Business Areas and Services
      EDB Business Partner has the following two business areas: IT Operations and Solutions. EDB Business Partner, IT Operations area represents one of the largest suppliers of IT operating services in the Nordic region. This business area comprises both centralized and remote operation of computer systems, data communications, including services related to data backup and publishing, and serves a wide variety of industries and sectors. The Solutions business area comprises the sale of software, systems and consultancy services to a worldwide customer base in the banking and finance, public, and trade and industry sectors.
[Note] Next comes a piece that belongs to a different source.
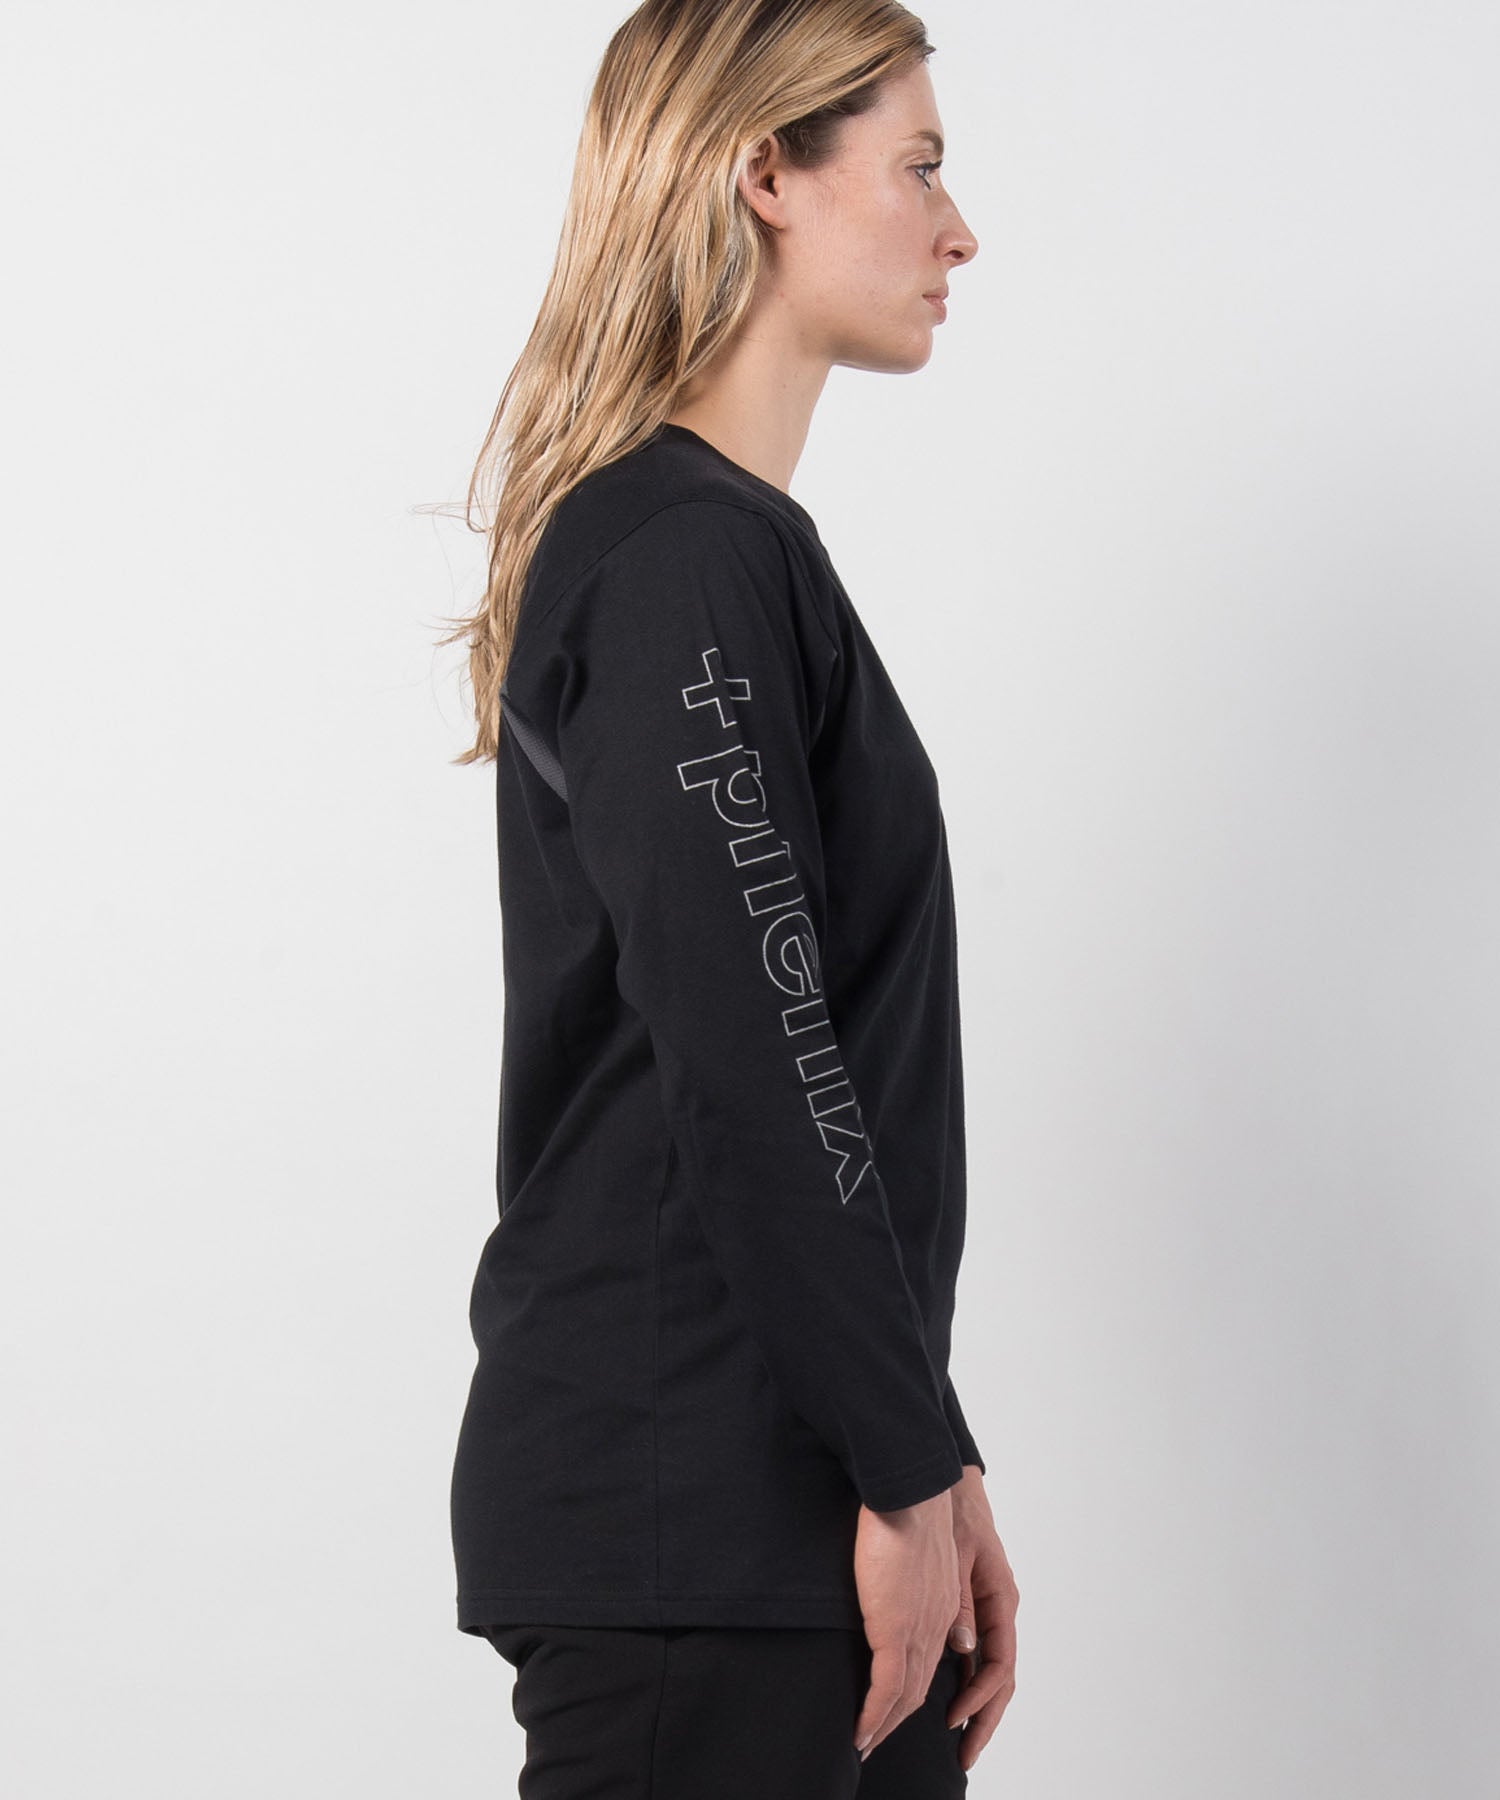 【WOMENS】速乾ロングスリーブTシャツ Mesh Parts LS-Shirt テックウェア アーバンアウトドア 高機能ウェア +phenix(プラスフェニックス)

The company’s primary activities are operated out of Norway and Sweden.
Competition
      EDB Business Partner’s main competitors in the Nordic countries are TietoEnator and WM-data.
      The market in which EDB Business Partner operates is highly competitive and is characterized by the need for a high level of expertise and experience, as well as significant capital investment in new technology and products. It is of critical importance in our industry that our products are secure, reliable and competitive in terms of functionality, performance and interface. Products need to adapt for changing market requirements in the interaction with industry standard software and hardware.
SATELLITE SERVICES
Overview
      Our wholly owned subsidiary, Telenor Satellite Services, is a leading worldwide provider of satellite-based mobile services. Telenor Satellite Services provides mobile communication services through its business unit Mobile Satellite Services (MSS) and provides fixed satellite-based communication networks and services through its business unit Corporate Networks (CN) and Taide.
Mobile Satellite Services
Overview
      We provide our mobile satellite services by acting as a land earth station operator (LESO). LESOs provide the gateways that link communication satellites with the terrestrial telephone networks. Calls made on a mobile satellite unit (e.g. a ship, airplane or automobile) are relayed over the satellite to a designated operator’s land earth station (LES) before being relayed to a telephone network. We own the Eik LES in Norway and, following the acquisition of COMSAT Mobile Communications (CMC) in 2002, the Southbury and Santa Paula LESs in the United States.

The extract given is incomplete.